> **Problem**
The answer is the data repeated in full, with no pictures included.

> **Data segment**

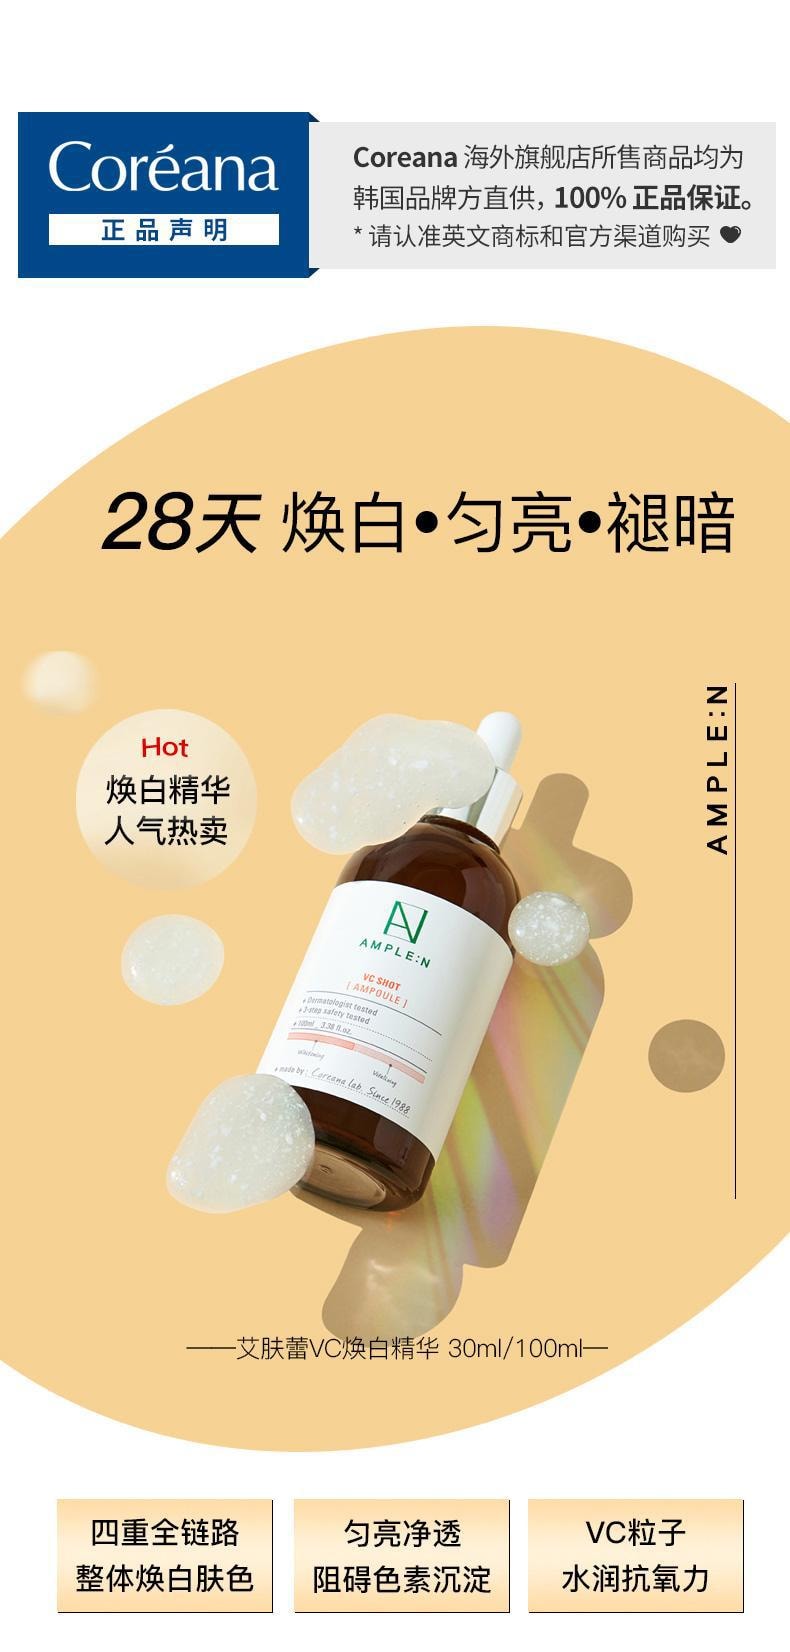 韓國 AMPLE:N 勝肽彈力精華 + VC抗氧化 安瓶精華套裝
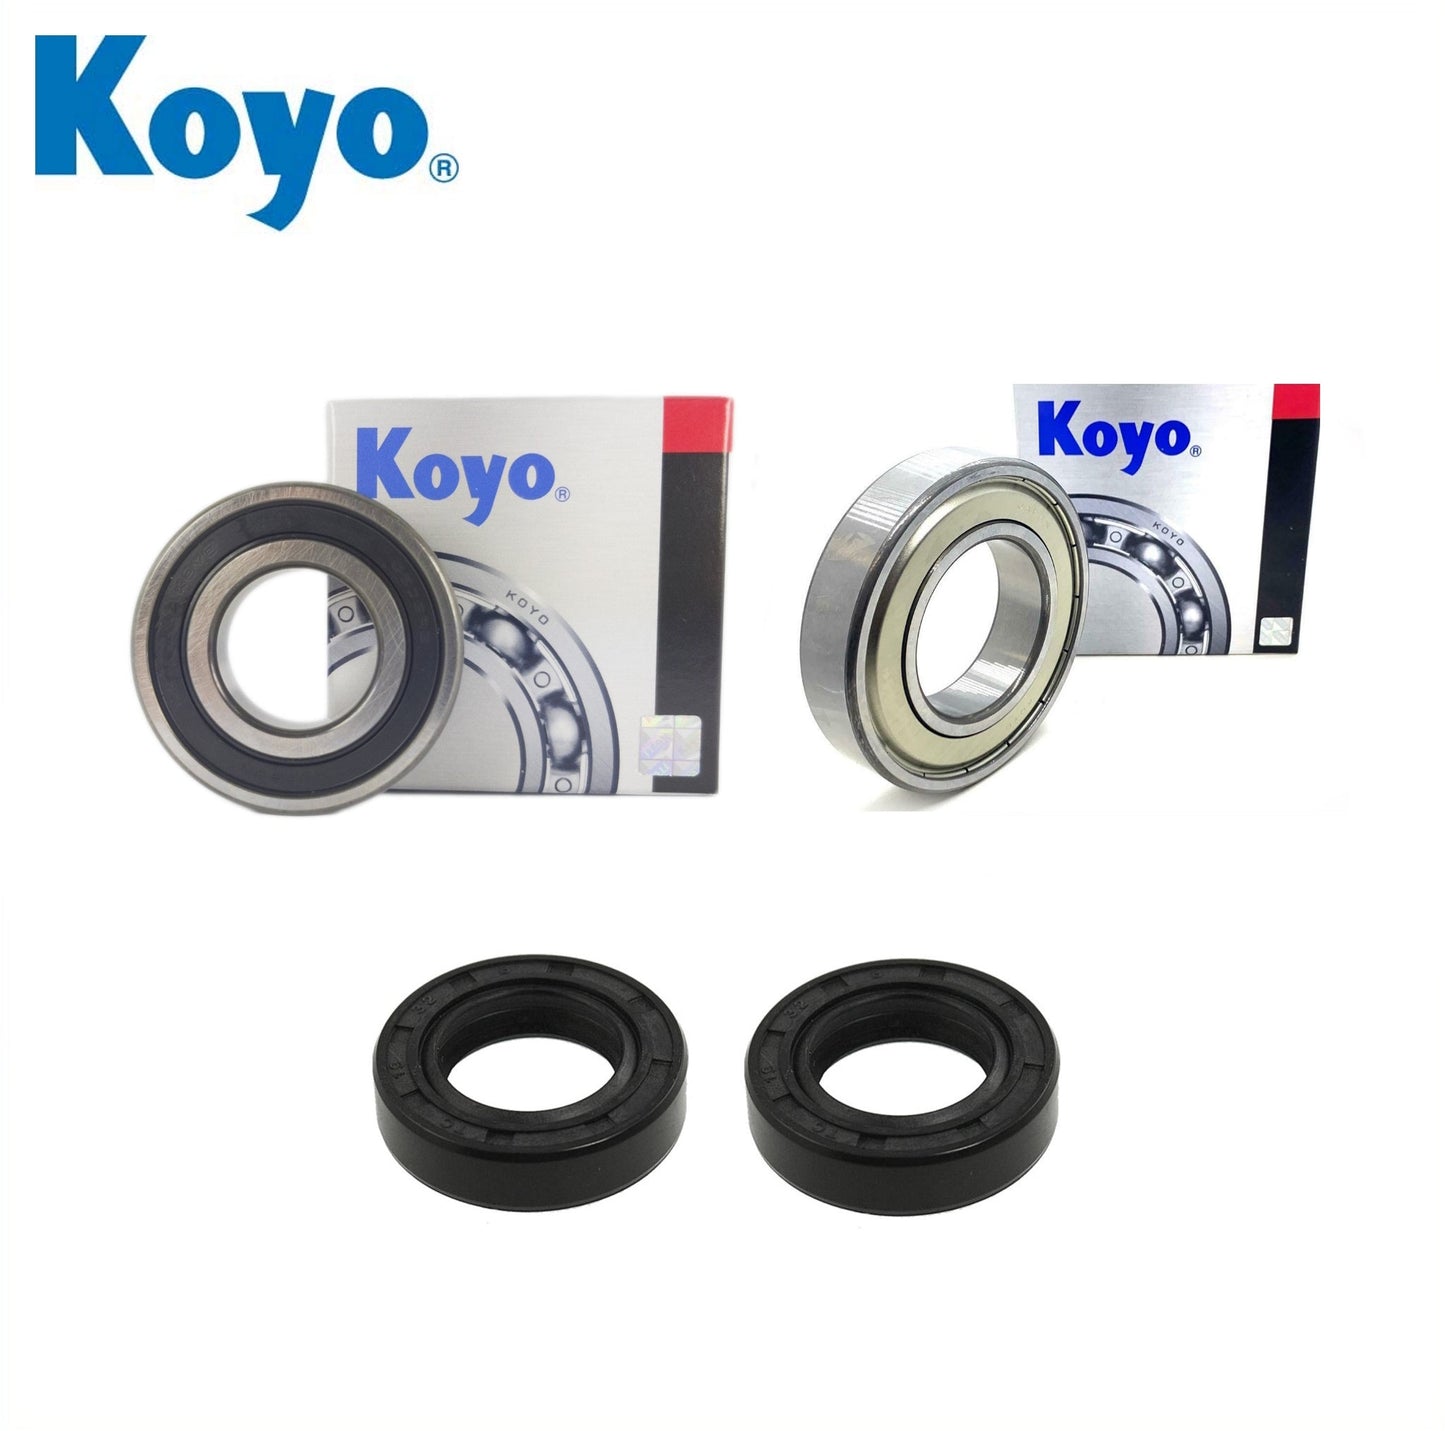 Yamaha YFM250 Moto 4 3GH4 999 C Front Wheel Bearing Kit with Koyo bearings
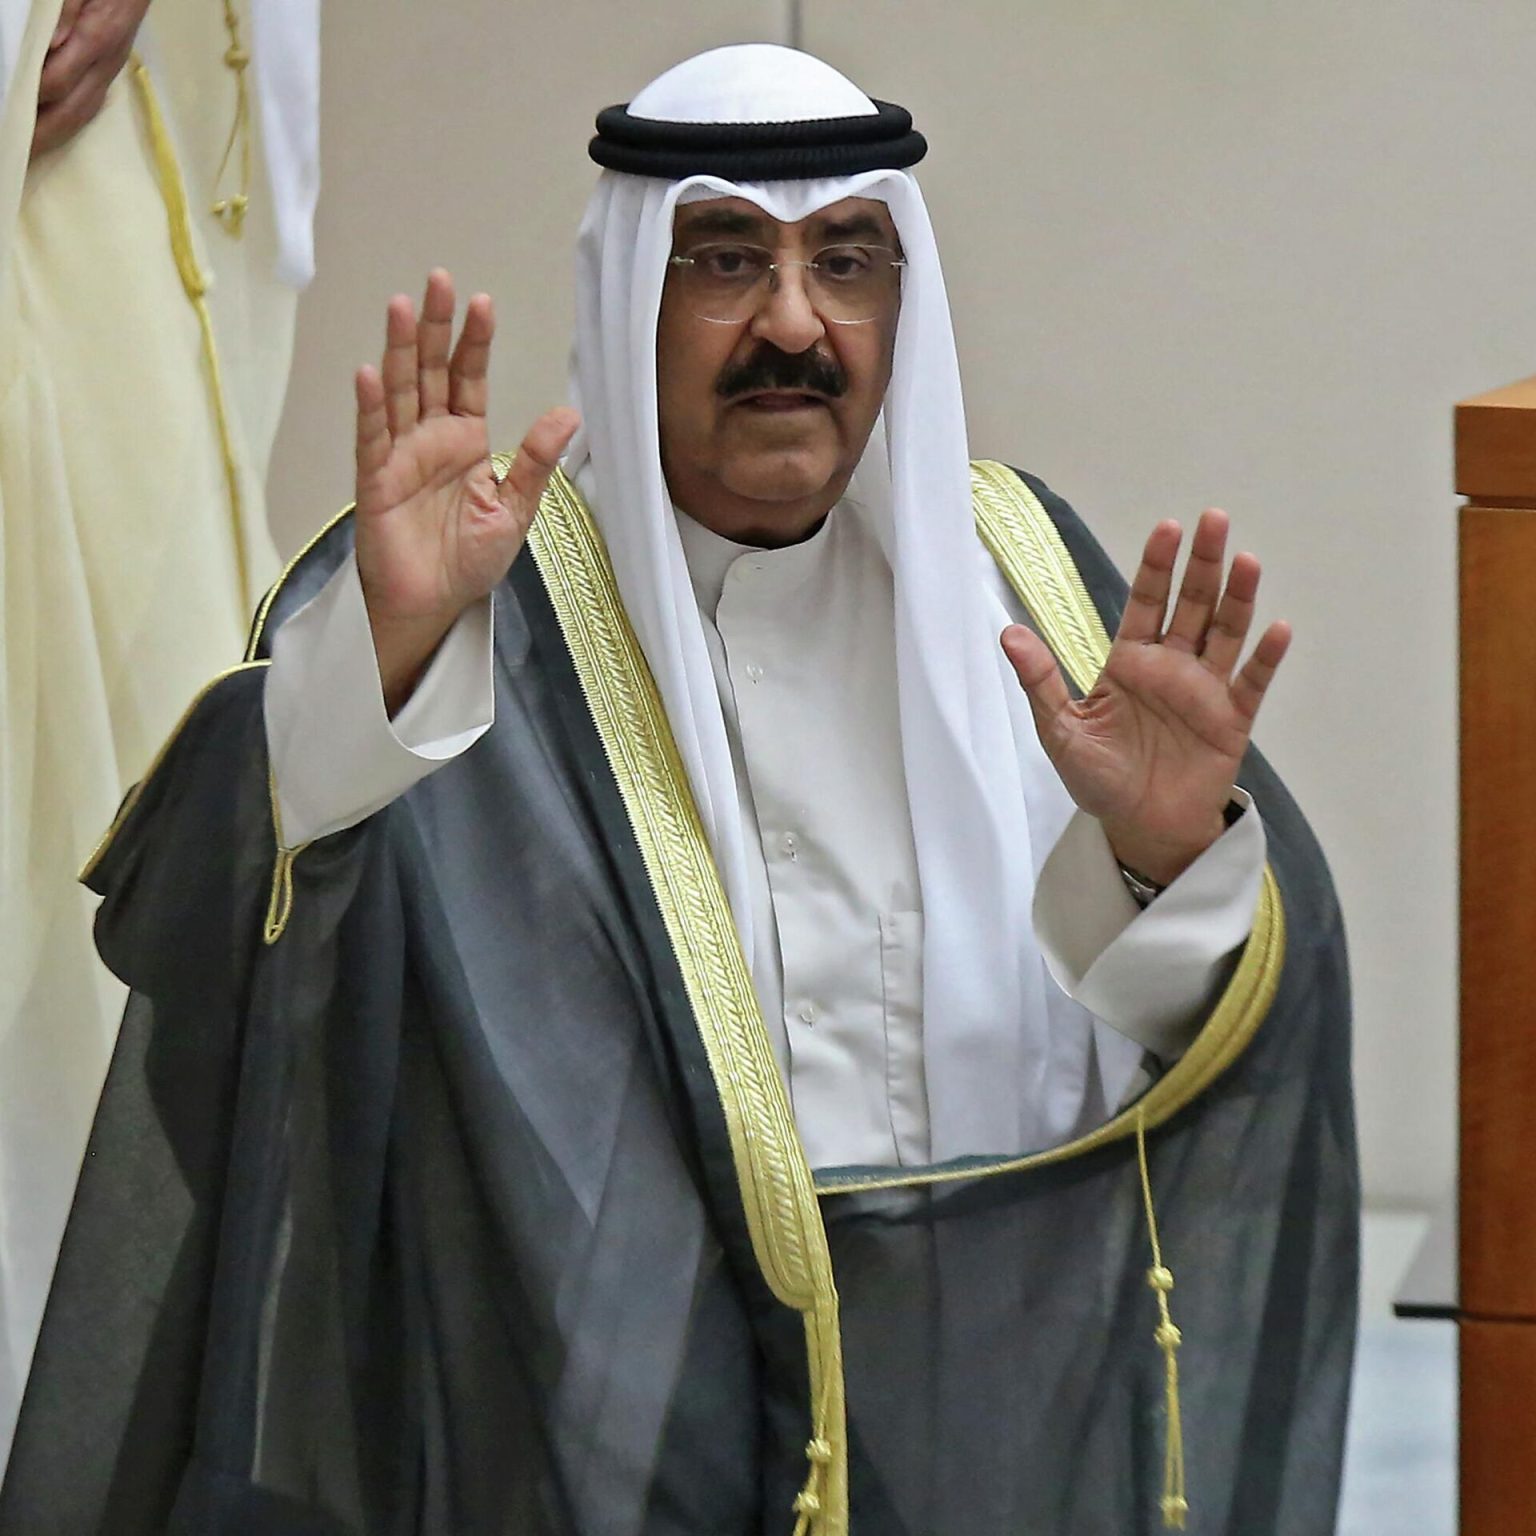 مجلس الوزراء الكويتي: ننادي بالشيخ مشعل الأحمد الجابر الصباح أميرا للكويت
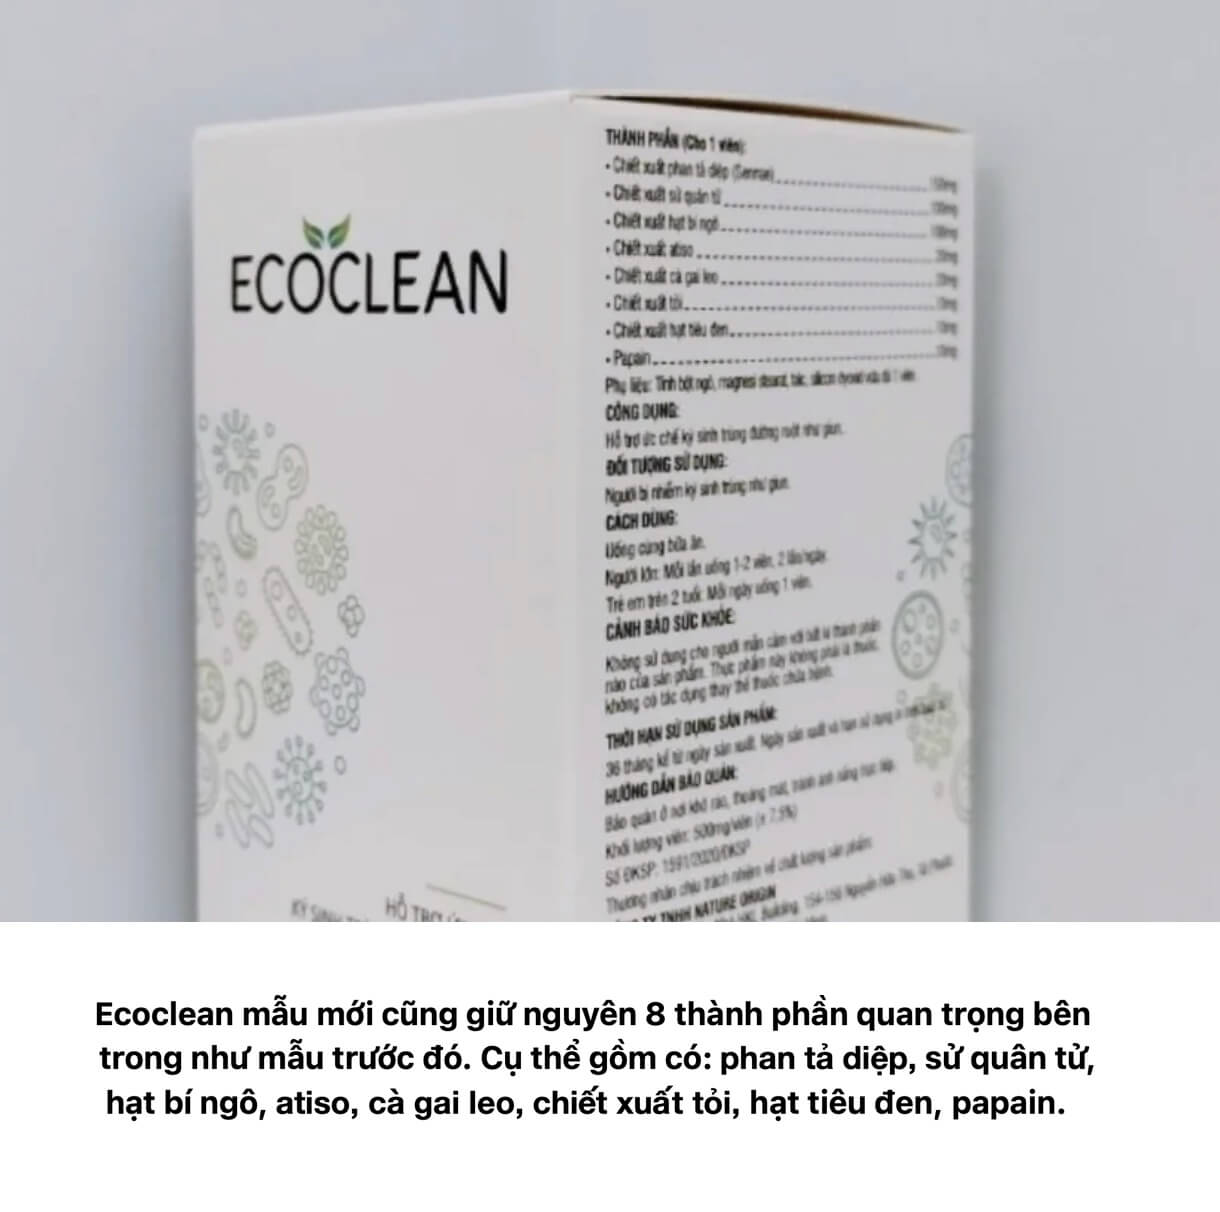 Ecoclean là thuốc gì, có tốt không lừa đảo hình 4

> **Task result**
 韓國 AMPLE:N 勝肽彈力精華 + VC抗氧化 安瓶精華套裝
 Yamaha YFM250 Moto 4 3GH4 999 C Front Wheel Bearing Kit with Koyo bearings
 مجلس الوزراء الكويتي: ننادي بالشيخ مشعل الأحمد الجابر الصباح أميرا للكويت
 Ecoclean là thuốc gì, có tốt không lừa đảo hình 4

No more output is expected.